» **TRY IT**
Your copy of the data should match it exactly, except that the pictures are gone.

» **GIVEN INFORMATION**
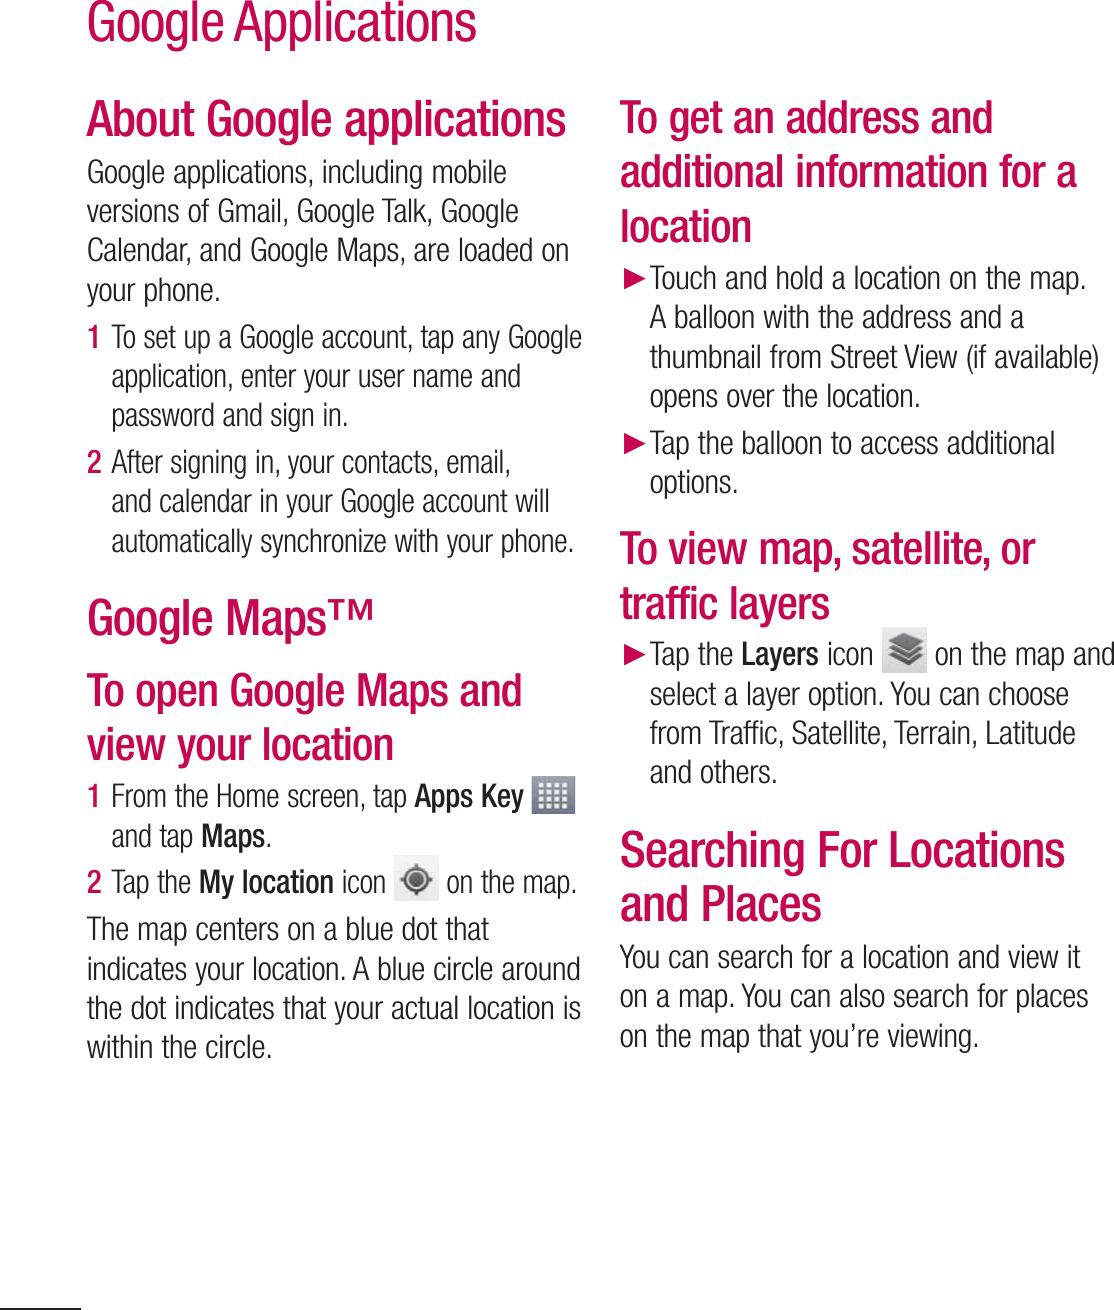 82About Google applicationsGoogle applications, including mobile versions of Gmail, Google Talk, Google Calendar, and Google Maps, are loaded on your phone.1  To set up a Google account, tap any Google application, enter your user name and password and sign in.2  After signing in, your contacts, email, and calendar in your Google account will automatically synchronize with your phone.Google Maps™To open Google Maps and view your location1  From the Home screen, tap Apps Key   and tap Maps. 2  Tap the My location icon   on the map.The map centers on a blue dot that indicates your location. A blue circle around the dot indicates that your actual location is within the circle.To get an address and additional information for a location Touch and hold a location on the map. A balloon with the address and a thumbnail from Street View (if available) opens over the location. Tap the balloon to access additional options.To view map, satellite, or traffic layers Tap the Layers icon   on the map and select a layer option. You can choose from Traffic, Satellite, Terrain, Latitude and others.Searching For Locations and PlacesYou can search for a location and view it on a map. You can also search for places on the map that you’re viewing.Google Applications
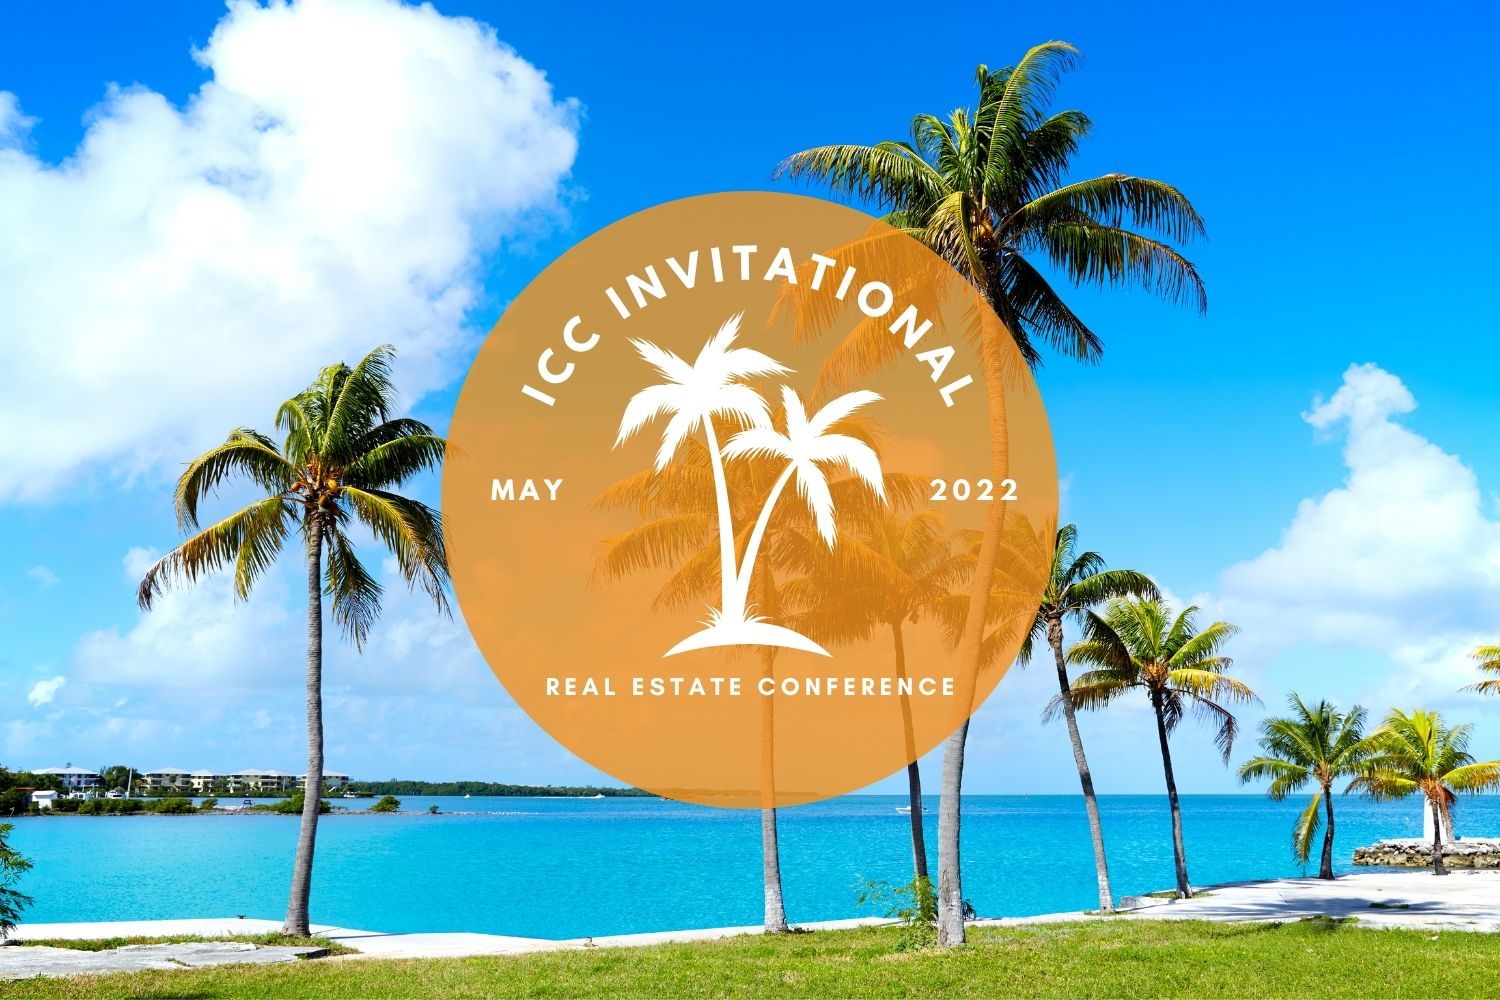 Best Real Estate Conference of 2022 – The ICC Invitational
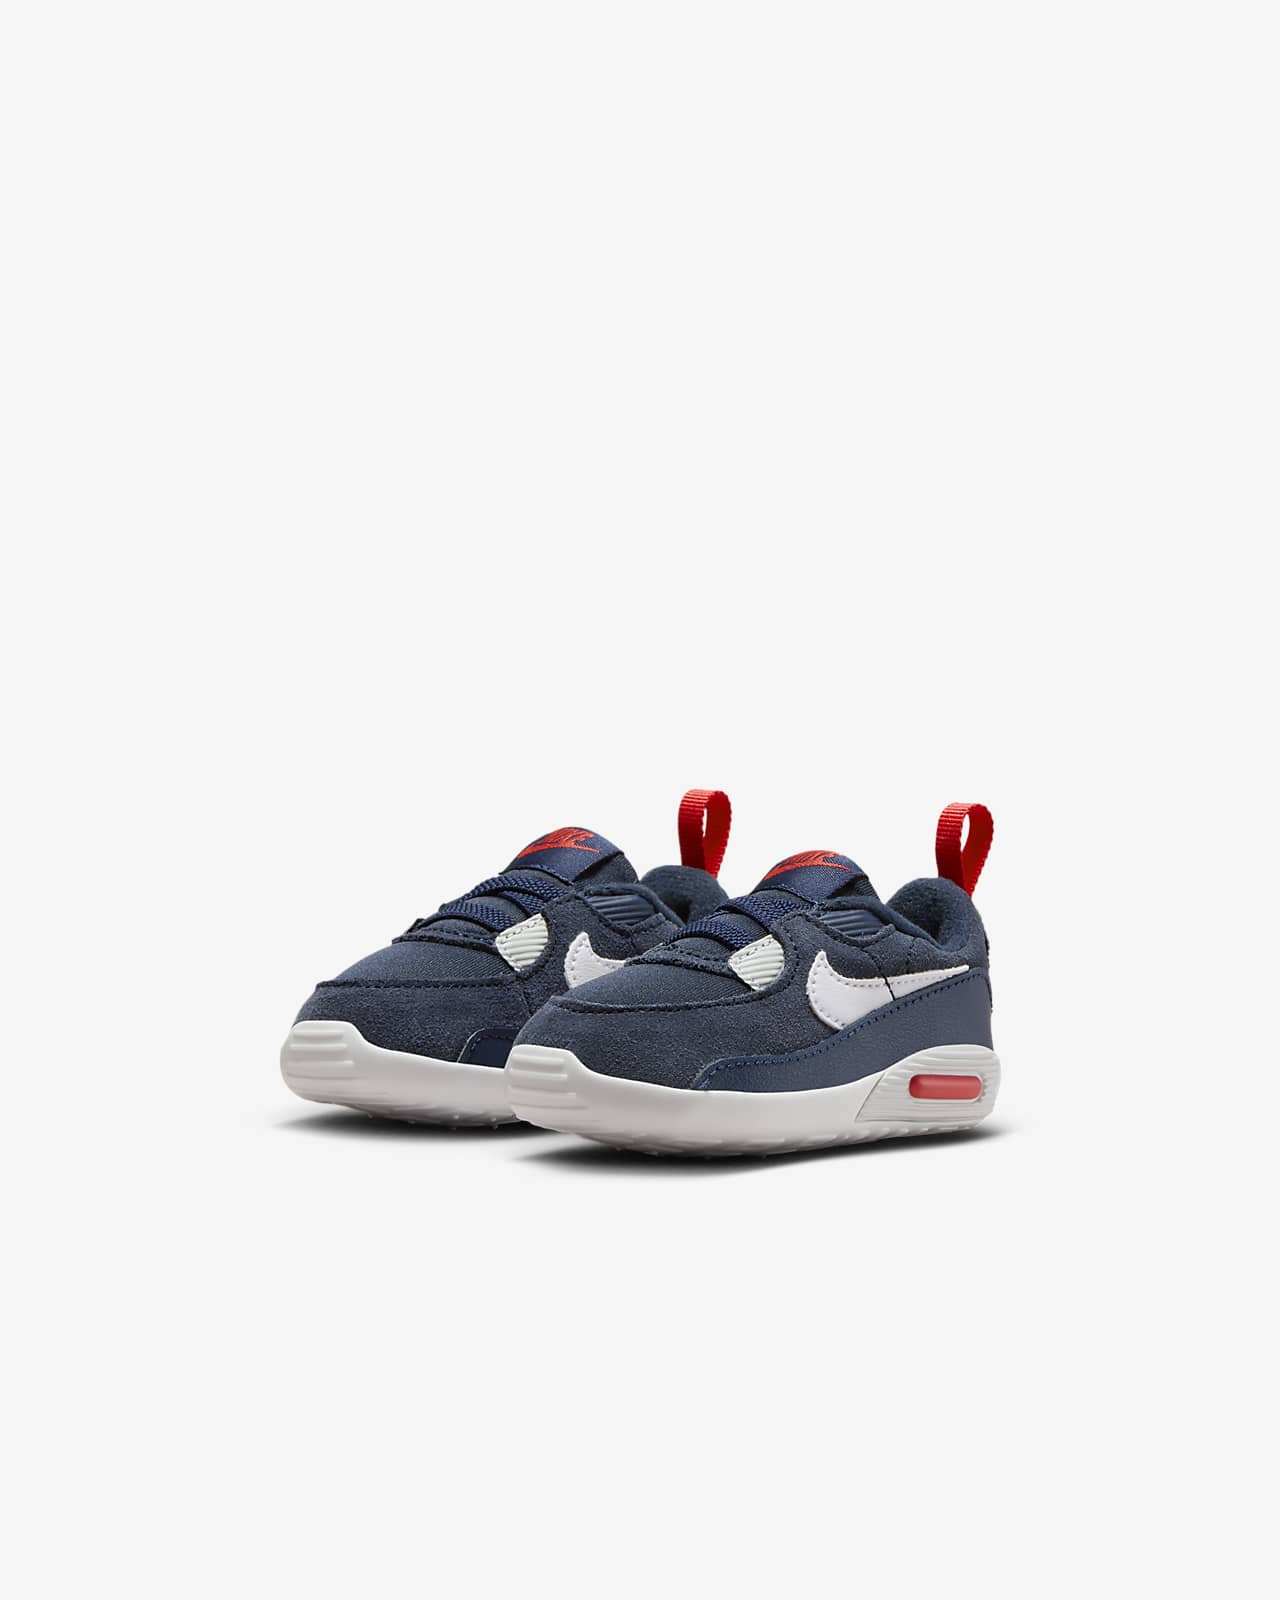 Chaussure chausson - Nike | Beebs
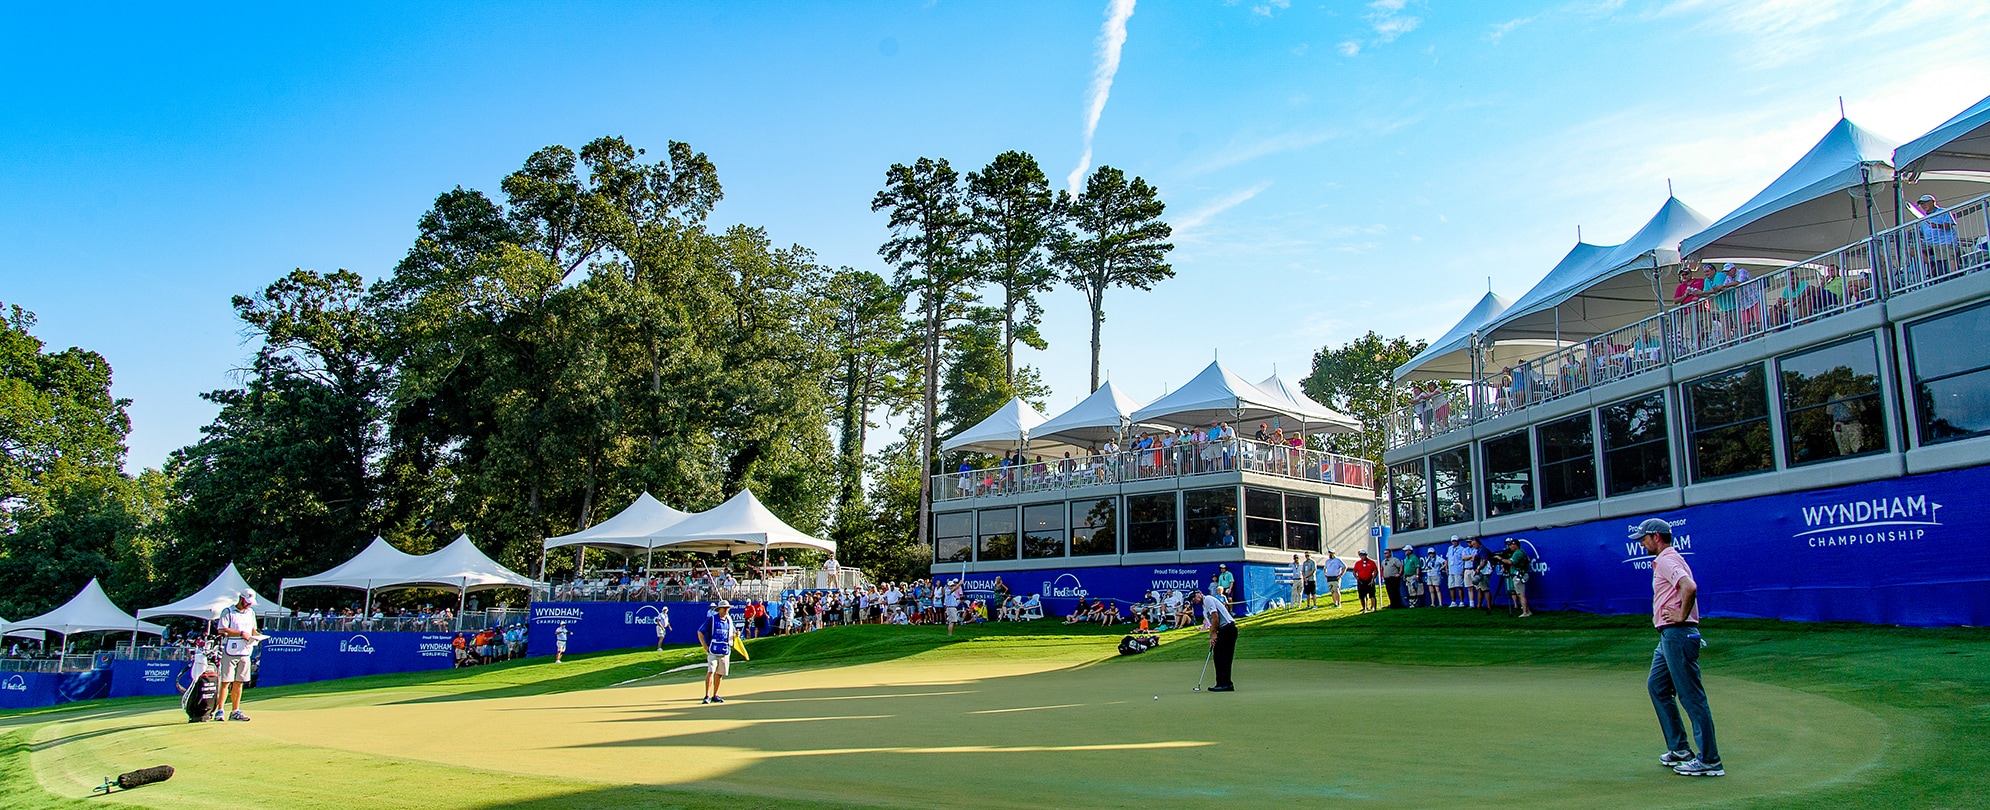 Golfers on a green with spectators watching from under tents at the Wyndham Championship.

» **ANSWER FOR THIS EXERCISE**
 82About Google applicationsGoogle applications, including mobile versions of Gmail, Google Talk, Google Calendar, and Google Maps, are loaded on your phone.1  To set up a Google account, tap any Google application, enter your user name and password and sign in.2  After signing in, your contacts, email, and calendar in your Google account will automatically synchronize with your phone.Google Maps™To open Google Maps and view your location1  From the Home screen, tap Apps Key   and tap Maps. 2  Tap the My location icon   on the map.The map centers on a blue dot that indicates your location. A blue circle around the dot indicates that your actual location is within the circle.To get an address and additional information for a location Touch and hold a location on the map. A balloon with the address and a thumbnail from Street View (if available) opens over the location. Tap the balloon to access additional options.To view map, satellite, or traffic layers Tap the Layers icon   on the map and select a layer option. You can choose from Traffic, Satellite, Terrain, Latitude and others.Searching For Locations and PlacesYou can search for a location and view it on a map. You can also search for places on the map that you’re viewing.Google Applications
 Best Real Estate Conference of 2022 – The ICC Invitational
 Chaussure chausson - Nike | Beebs
 Golfers on a green with spectators watching from under tents at the Wyndham Championship.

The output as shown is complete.